March 28, 2014 | 5 min read

    Charlie and Rebekah Brooks leave court

  • Couple's "paranoia" extended to security staff
  • James Murdoch asked Charlie Brooks to tell his wife she had to resign
  • Rebekah Brooks said "thank goodness for that" when told she had to resign
  • Police "thrown into a frenzy" by Brooks' resignation
  • Court resumed this afternoon to hear further evidence from Charlie Brooks in his defence against a single charge of conspiring to pervert the course of justice. The prosecution allege that Brooks hid documents and electronic devices on 8 July 2011 with the intention of concealing evidence from police investigating his wife Rebekah Brooks' involvement in phone hacking while editor of the now-defunct News of the World.

    Neil Saunders, Brooks' defence barrister, began the session by asking his client about events on 7 July 2011. The witness confirmed that he had arranged to go to a Take That concert, but cancelled due to his wife being too busy. The court was shown an email in which Brooks asked Cheryl Carter for Rupert Murdoch's phone number. The witness said that he had spoken to Murdoch who had told him to call if there was any sign his wife was thinking of resigning. "These were his explicit instructions," he added.

    Brooks told the court on 8 July he compered a charity event at Ascot for which he was paid £1,000. Brooks was then asked about emails between him and Charles Farr, who the witness described as a "total spook." Farr, the witness told the court had helped him with the plot of his novel "Switch" and he had agreed to forward Farr's email address to his wife "he had done me a favour so it seemed like the decent thing to do."

    Brooks was then asked about his relationship with the security team News International had provided to protect him and his wife, who had the codename "Blackhawk". "We thought they were as likely as anyone else to tell the media where we were going, so we only told that what they needed to know, as we knew they would follow us anyway. We were probably being paranoid, and we might have being unfair," the defendant admitted. On 10 July 2011 the couple drove to London to meet Rupert Murdoch. Brooks said he did not stay to hear what was discussed but met them later for dinner, "There was a right old scrum," the witness said, referring to the crowd of journalists and photographers outside the hotel. On 11 July 2011, the court has already been told, Rebekah Brooks spent an hour on the phone to Tony Blair. Charlie Brooks told the court he was unaware of that at the time as "I didn't listen in to my wife's phone calls". He later "confiscated" her Blackberry to make sure his wife got some rest, the defendant said. A subsequent email discussing "seven rats outside the house" was a reference to press photographers, Brooks explained.

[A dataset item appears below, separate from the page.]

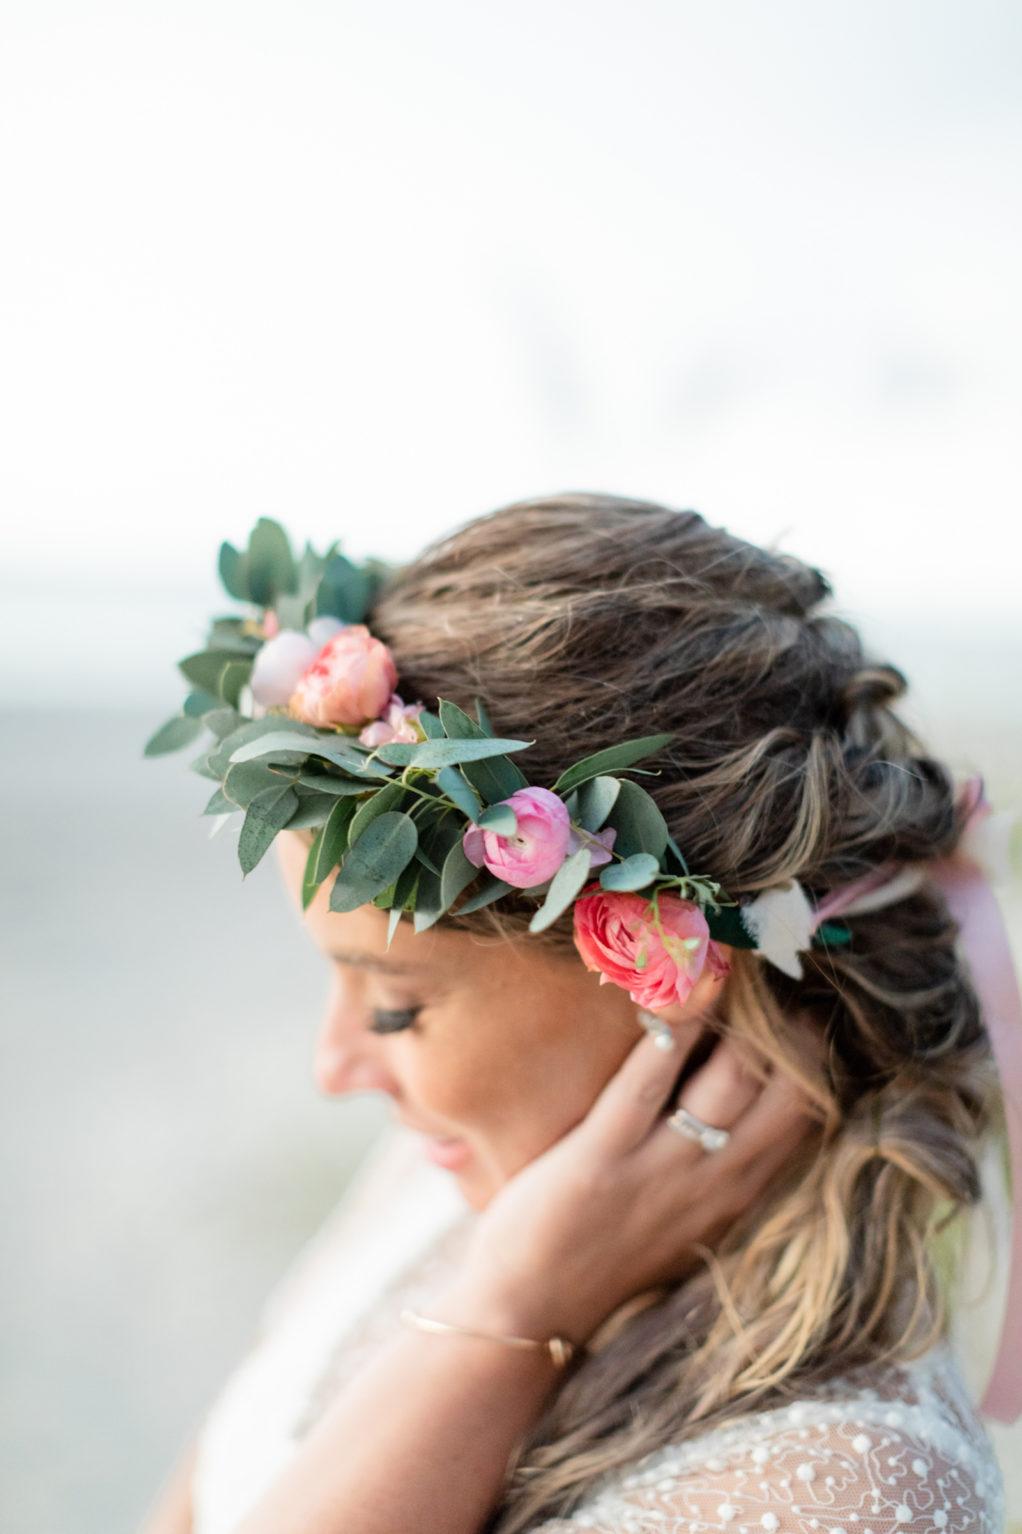 Pastel Peach Boho Beach Wedding Hair Inspiration with Bridal Floral Halo of Ranunculus and Eucalyptus Greenery | Michele Renee the Studio

    By 13 July, the defendant told the court, his wife was planning to take a "leave of absence" from her role as CEO of News International ahead of her scheduled appearance at a parliamentary select committee the following Monday. On Thursday 14 July the defendant said he received a call from James Murdoch telling him that the company had decided Rebekah Brooks should resign and asked the witness to tell her. Brooks then rang his wife to tell her the news. "She said 'thank goodness for that, I've been telling them that since the 3rd of July'," the defendant told the court

    The court then took a short break.

    When the jury returned the court was shown an email from Charlie Brooks to his wife from 15 July reminding her he had an iPad, a Blackberry and a Macbook belonging to News International. Text messages between the security team from that day were then shown to court, the first was "Blackhawk [Rebekah Brooks] has been sacked", the reply was "tee-hee, fun and games". Brooks told the court "it was an incendiary situation, Rebekah's resignation seemed to have thrown the police into a complete frenzy". On that day, the court was told, the police had asked Brooks to attend an interview the following Sunday. "That trumped everything else," the defendant said. To avoid the media the couple went to a different Oxfordshire property that night, Enstone Manor.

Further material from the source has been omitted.